At this point, we assume that you have Julia 1.9 installed, VSCode ready, and installed the VSCode Julia Language Support extension. There are some more [recommended settings in VSCode](vscode.qmd) which are not necessary, but helpful.
We further recommend to not use the small "play" button on the top right (which opens a new julia process everytime you change something), but rather open a new Julia repl (`ctrl`+`shift`+`p` => `>Julia: Start Repl`) which you keep open as long as possible.

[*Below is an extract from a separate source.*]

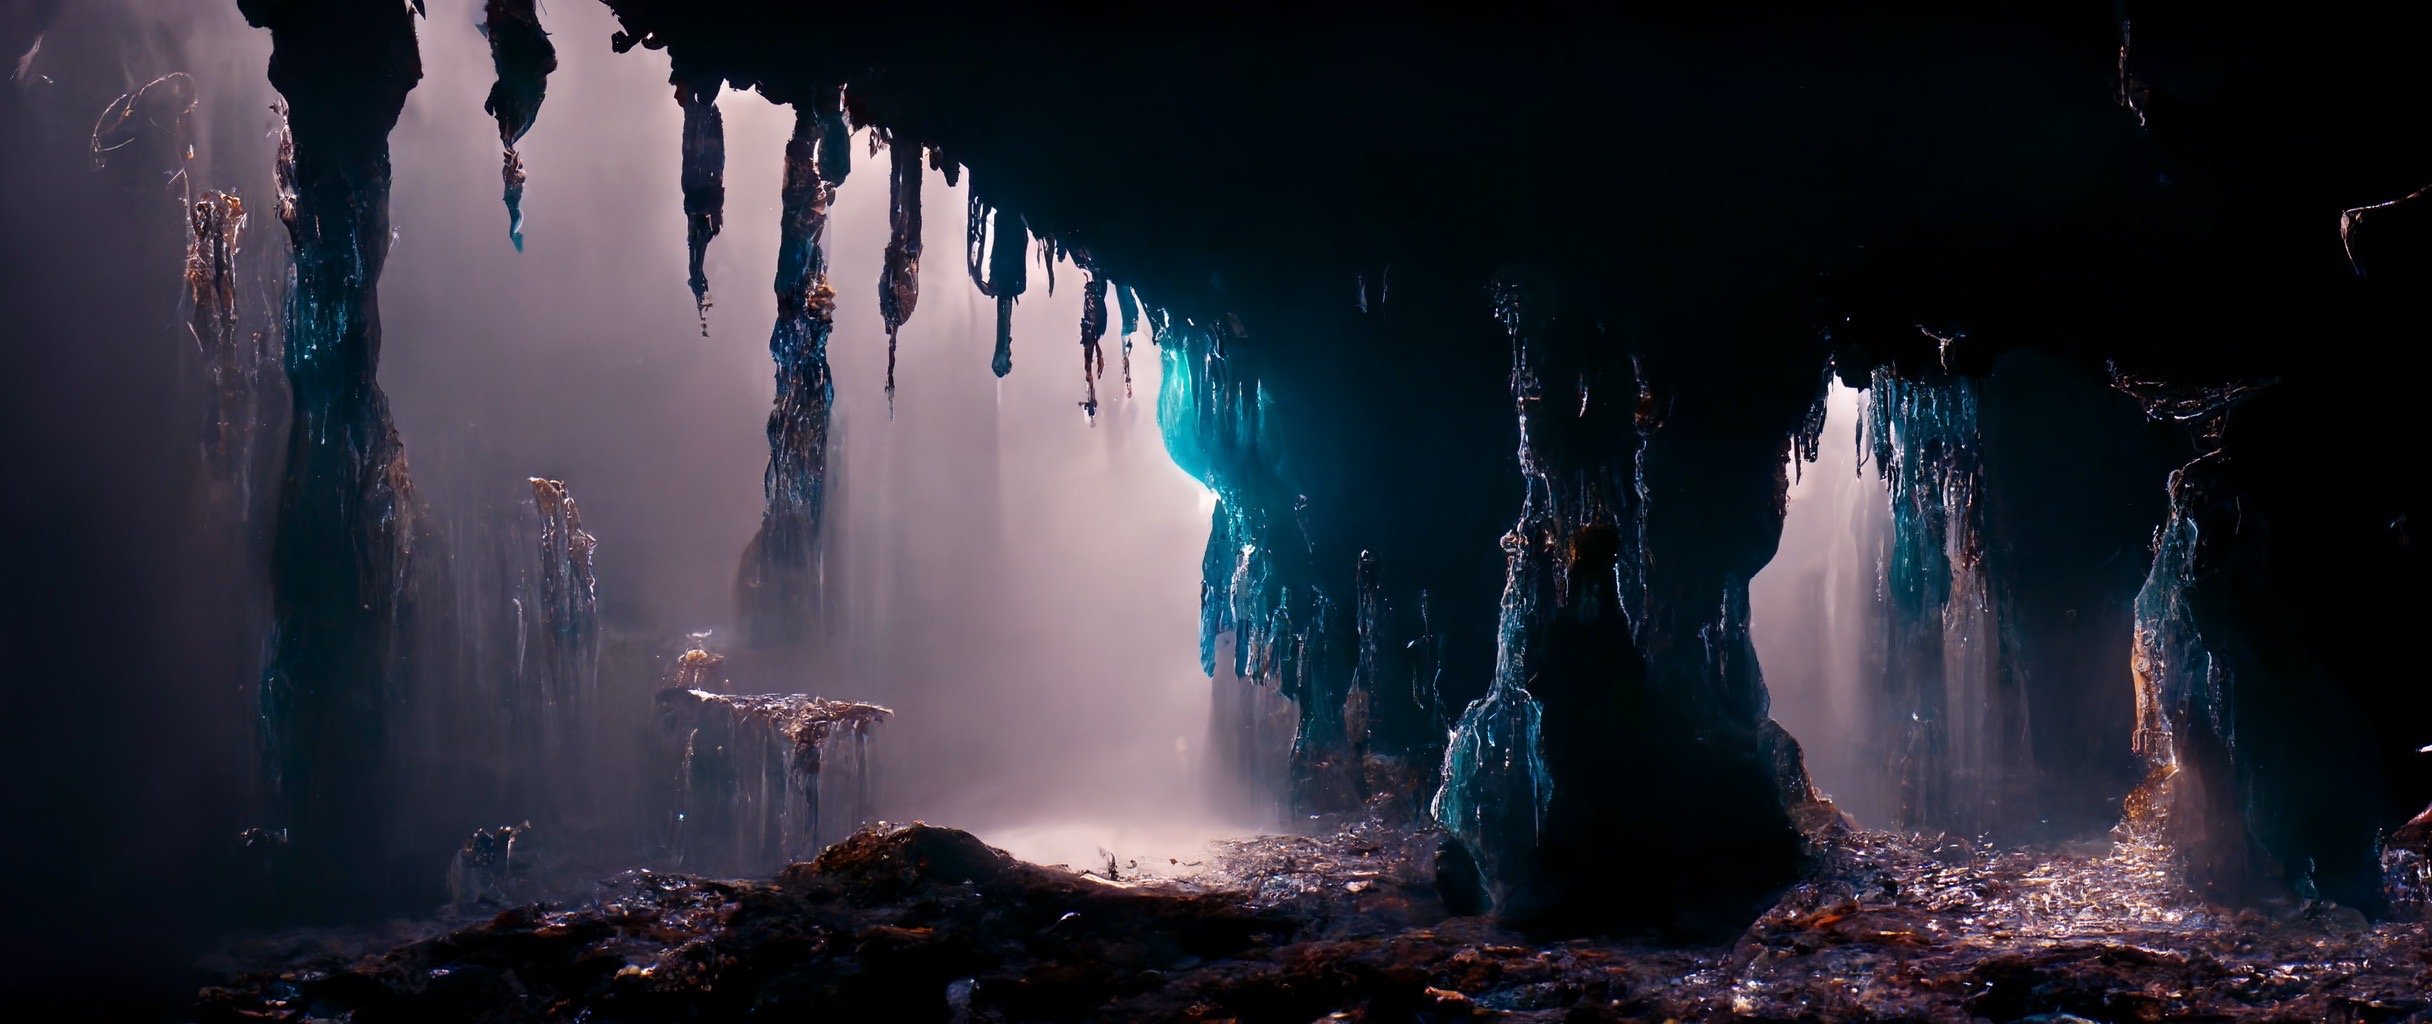 dc12c5cb-6083-4606-8b59-1b28c184156e_S3RAPH_incredible_mystical_cave_filled_with_sapphires._Stalactites_and_stalagmites_dripping_with_liquid._ci.JPG

VSCode automatically loads the `Revise.jl` package, which screens all your actively loaded packages/files and updates the methods instances whenever it detects a change. This is quite similar to `%autoreload 2` in python. If you use VSCode, you dont need to think about it, if you prefer a command line, you should put Revise.jl in your startup.jl file.
Broadcasting is very powerful, as Julia can get a huge performance boost in chaining many operations, without requiring saving temporary arrays. For example:
And a nice sideeffect: By doing this, we get rid of any specialized "serialized" function, e.g. to do sum, or + or whatever. Those are typically the inbuilt `C` functions in Python/Matlab/R, that really speed up things. In Julia **we do not need inbuilt functions for speed**.
Ok - lot of introduction, but I think you are ready for your first interactive task.
## Wait - how do I even run things in Julia/VScode?
Typically, you work in a Julia script ending in `scriptname.jl`
You concurrently have a REPL open, to not reload all packages etc. everytime. Further you typically have `Revise.jl` running in the background to automatically update your custom Packages / Modules (more to that later).
You can mark some code and execute it using `ctrl` + `enter` - you can also generate code-blocks using `#---` and run a whole code-block using `alt`+`enter`
1. Open a new script `statistic_functions.jl` in VSCode in a folder of your choice.
2. implement a function called `rse_sum`^[rse = research software engineering, we could use `sum` in a principled way, but it requires some knowledge you likely don't have right now]. This function should return `true` if provided with the following test: `res_sum(1:36) == 666`. You should further make use of a for-loop.
3. implement a second function called `rse_mean`, which calculates the mean of the provided vector. Make sure to use the `rse_sum` function! Test it using `res_mean(-15:17) == 1`
4. Next implement a standard deviation function `rse_std`: $\sqrt{\frac{\sum(x-mean(x))}{n-1}}$, this time you should use elementwise/broadcasting operators. Test it with `rse_std(1:3) == 1`
5. Finally, we will implement `rse_tstat`, returning the t-value with `length(x)-1` DF, that the provided Array actually has a mean of 0. Test it with `rse_tstat(2:3) == 5`. Add the keyword argument `σ` that allows the user to optionally provide a pre-calculated standard deviation.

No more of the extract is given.